Description

The Logical Parmlib Concatenation is a set of up to 10 partitioned data sets defined by PARMLIB statements in the LOADxx member of either SYSn.IPLPARM or SYS1.PARMLIB which contains many initialization parameters in a pre-specified form in a single logical data set, thus minimizing the need for the operator to enter parameters. SYS1.PARMLIB makes the 11th or last data set in the concatenation and is the default logical parmlib if no PARMLIB statements exist in LOADxx.

The objective of this support is to allow installations to partition access to parmlib and isolate members customized by an installation from IBM® maintenance and product level upgrades.
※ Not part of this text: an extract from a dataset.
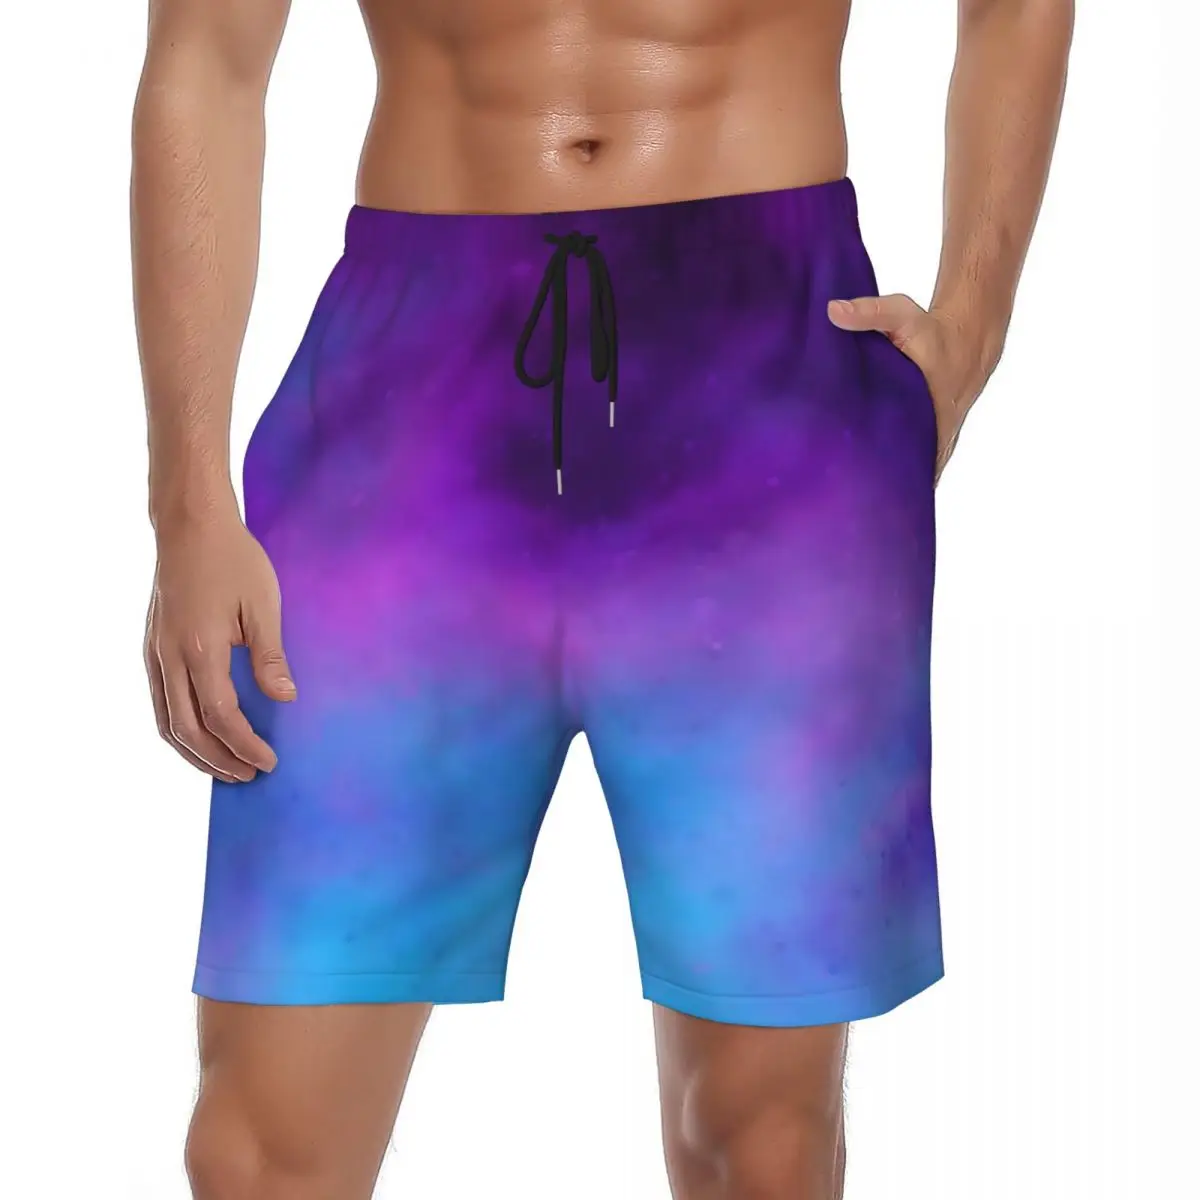 

Шорты мужские пляжные галактические, короткие штаны для бега с эффектом омбре, повседневные быстросохнущие, большие размеры, фиолетовый и синий цвета, на заказ

The logical parmlib is established during IPL and is used by Master Scheduler Initialization and IEFPRMLB. There is a new SETLOAD command that allows you to switch from one logical parmlib to another without an IPL. The IEFPRMLB macro allows you to access the logical parmlib.

Use the IEFPRMLB macro to:

Allocate the logical parmlib data set concatenation
Unallocate the logical parmlib data set concatenation
Read a logical parmlib data set
Retrieve information about which data sets make up the logical parmlib

The four functions for the macro are:

IEFPRMLB REQUEST=ALLOCATE allocates the logical parmlib via DDname.
IEFPRMLB REQUEST=FREE unallocates the logical parmlib via DDname.
IEFPRMLB REQUEST=LIST retrieves information about the logical parmlib data set concatenation.
IEFPRMLB REQUEST=READMEMBER reads a specified member of an already allocated logical parmlib and returns its contents in an input buffer.

Environment

The requirements for the caller are:

Environmental factor	Requirement
Minimum authorization:	Problem state and PSW key 8-15
Dispatchable unit mode:	Task
Cross memory mode:	PASN=HASN=SASN
AMODE:	24- or 31-bit
ASC mode:	Primary or access register (AR)
Interrupt status:	Enabled for I/O and external interrupts.
Locks:	No locks may be held.
Control parameters:	Control parameters must be in the primary address space.

Programming requirements

The caller should include the IEFZPRC mapping macro to get return and reason code equates for all the functions.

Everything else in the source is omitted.